Kemal saw freedom as an innate quality of all human beings, without which one cannot claim to have even religion. He grounded freedom in divine creation when he said that "man is born with freedom and destined to use this divine gift." Freedom as the protection of the individual against the aggression of others, including society and the state, also ensures social harmony. No society can establish peace and justice without freedom. But freedom as a divine gift does not alienate people from God, but rather brings them closer to the creator. Freedom is not a Promethean idea to be used against God or religion. This may have been the experience of European societies. Voltaire, Rousseau and others may have had to go along this path, but this cannot be the course of Muslim societies that have a different heritage of reason, freedom and individual rights. The Enlightenment may serve as a reminder of the importance of reason and freedom, but it cannot be the model to be emulated in total in Muslim countries. Kemal and his contemporaries could not have imagined a secular and uprooted concept of reason and freedom in the way it developed in the West.
Kemal was aware of the huge political changes in Europe and thus called for a reworking of French constitutionalism for the Ottoman Empire: "The instrument that will ensure our political rights and save the state from collapsing is a constitutional order based on the example of the governance of the French." He hastened to add, however, that "we have delegated the governance of state affairs to the Family of Osman through a binding allegiance. We always want the Family of Osman. We always want the constitutional order."

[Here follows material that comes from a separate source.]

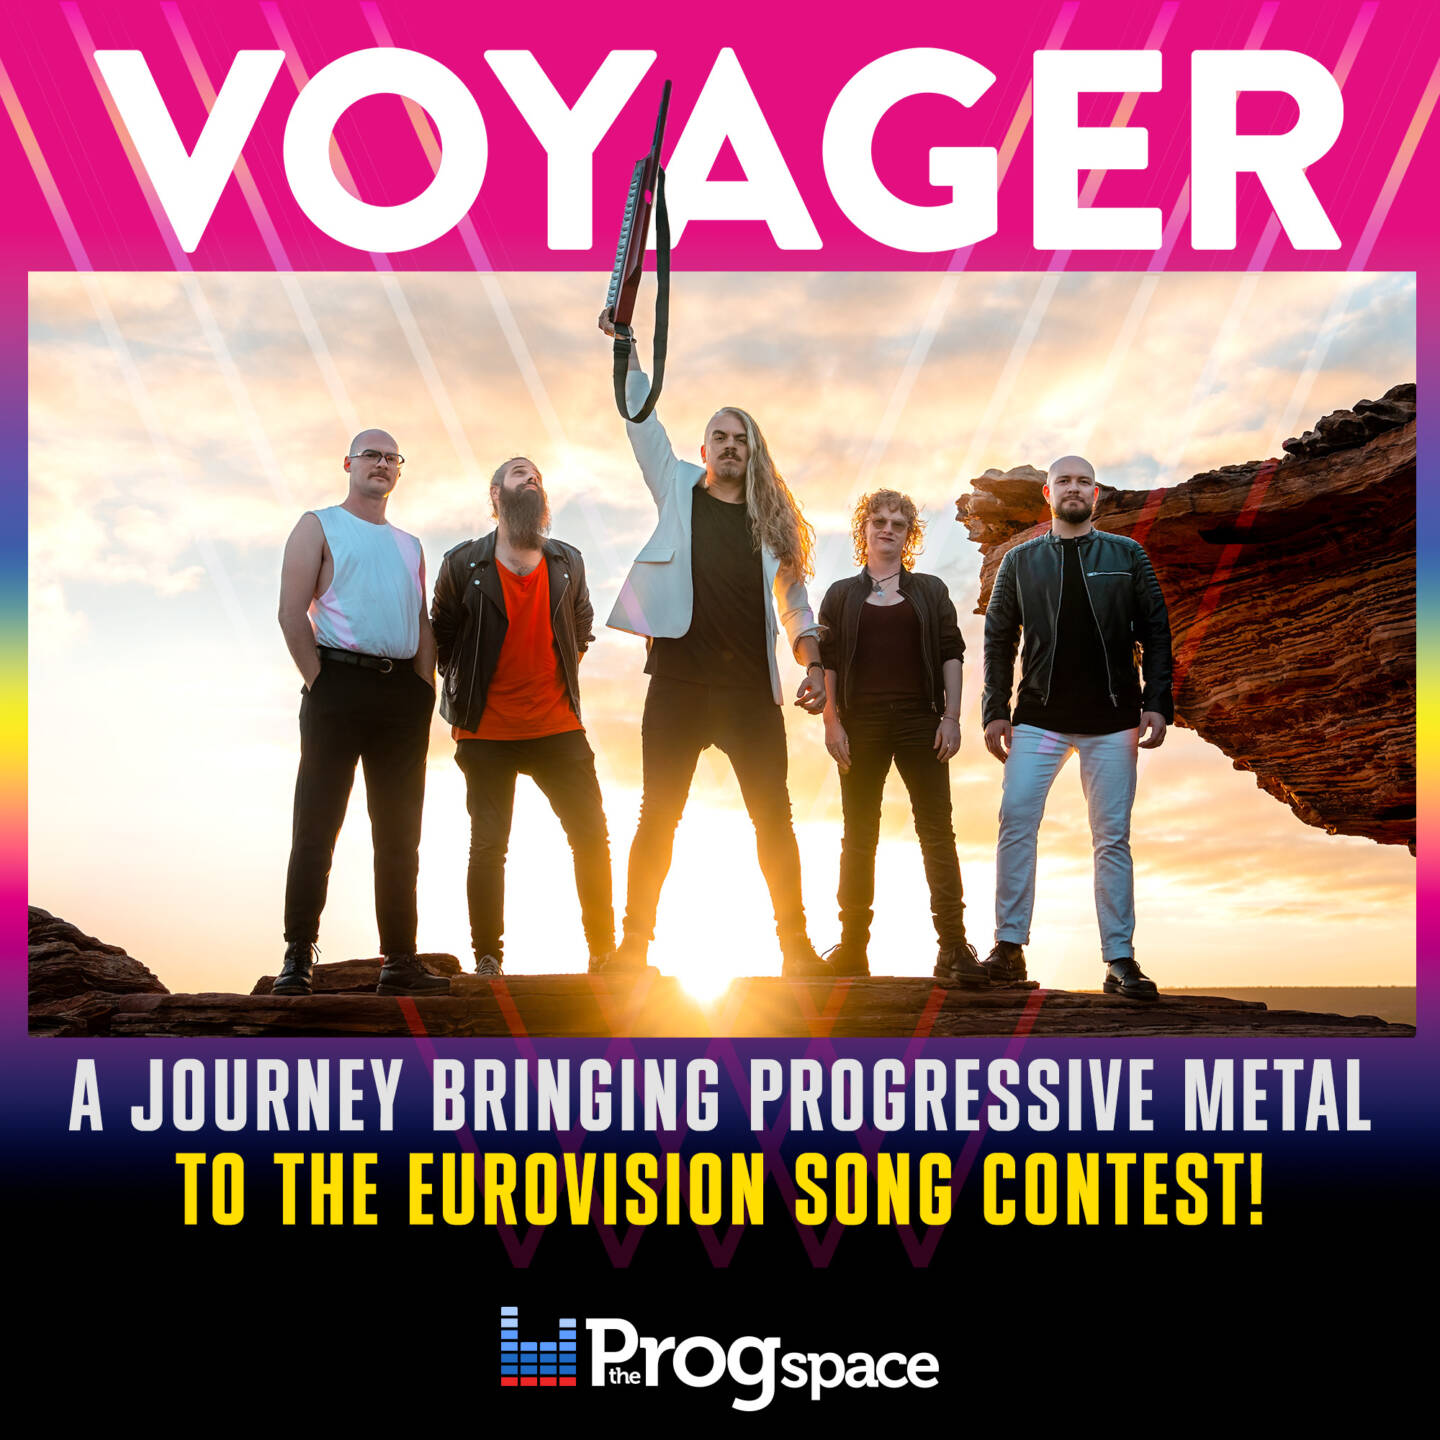 VOYAGER: a journey bringing Progressive Metal to the Eurovision Song Contest!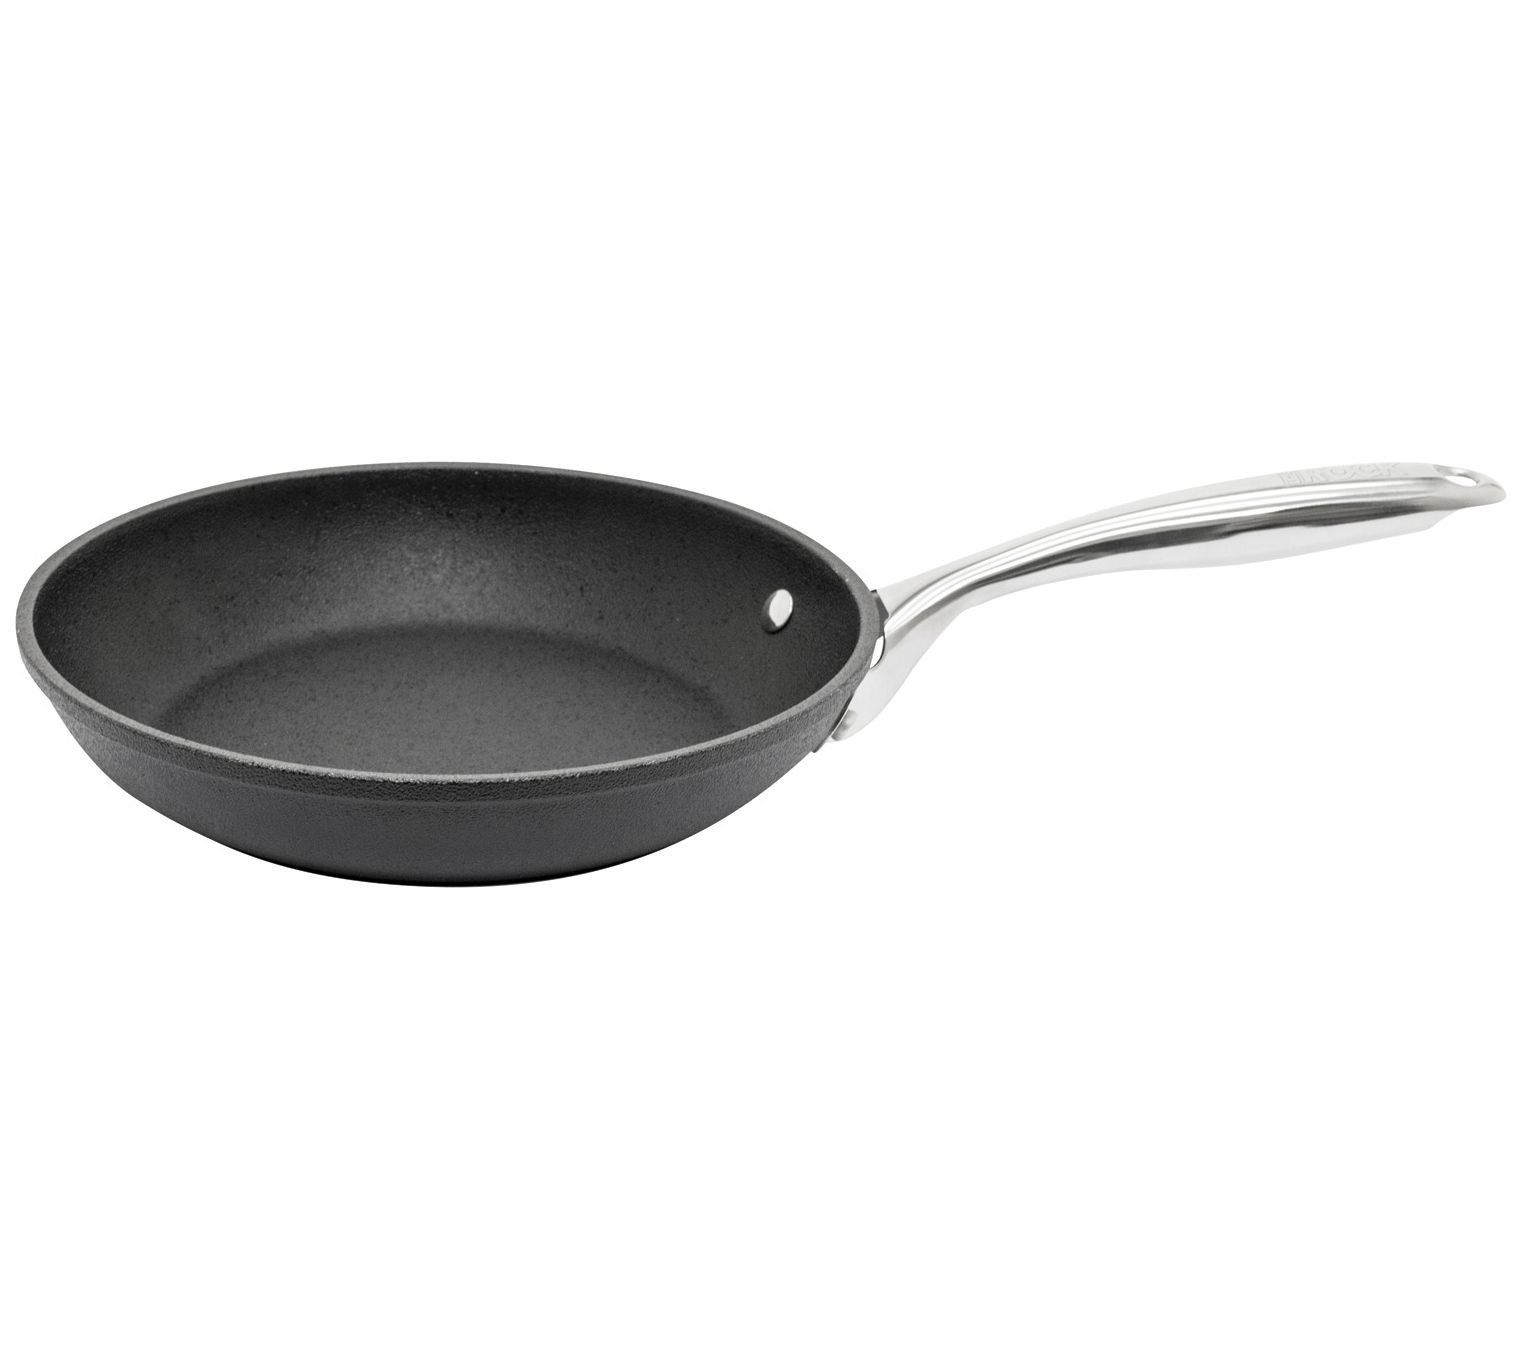 THE ROCK by Starfrit Fry Pan with Bakelite Handle, 9.5

While calling for a reform of state affairs for better and more efficient governance, Kemal was unambiguous about the religious foundations of good governance: "Sharia is the heart and source of life for our state. … Since the thoughts and attitudes of the peoples of the east are largely based on Islamic principles, if we will have to apply French laws as a whole in our country, not only the people of Islam, but also the communities of other faiths will not be satisfied with them." He held that the calamities that happened to Muslim societies have happened because they have neglected or ignored Islamic principles. For Kemal, this was not simply a matter of sociology, but rather thoroughly metaphysical because "what clarifies what is truth and what is falsehood is not philosophical reflections but religiously inspired principles. Virtuous ethics emanate from acquiring the ethical and spiritual qualities of the divine, not from the personal opinion of some writers." Kemal criticized Muslims for using the concept of divine destiny to justify their lethargy and pacifism. He rejects fatalism and called on Muslims to understand the delicate balance between God's universal will and human's limited will. The former does not nullify the latter, otherwise people would not be able to be held accountable for their choices and actions. Faith in destiny is part and parcel of Islam but cannot be used as an excuse to abstain from the mission God has given to people, i.e., upholding justice and making use of God's gifts to thank him. Islam is not a world-denying religion, it does not preach monastic life, it considers the world as ephemeral and transitory and it can be a trap for one's journey to God.
The world is also a blessing, a great work of God and a place of trial to see who is best suited to carry the divine mission from birth to death. The joys of the world are never seen as inherently bad or sinful. Exploring the universe and enjoying its beauty is an extension of faith and brings people closer to God – it is a matter of approaching the world in the right manner so that we do not surrender ourselves to it. It was with this understanding that Muslims built the great Islamic civilization extending from Central Asia to Andalusia. We need to remember what made these great cultural and civilizational revolutions possible and understand what led to their demise. The cure lies not outside, but within.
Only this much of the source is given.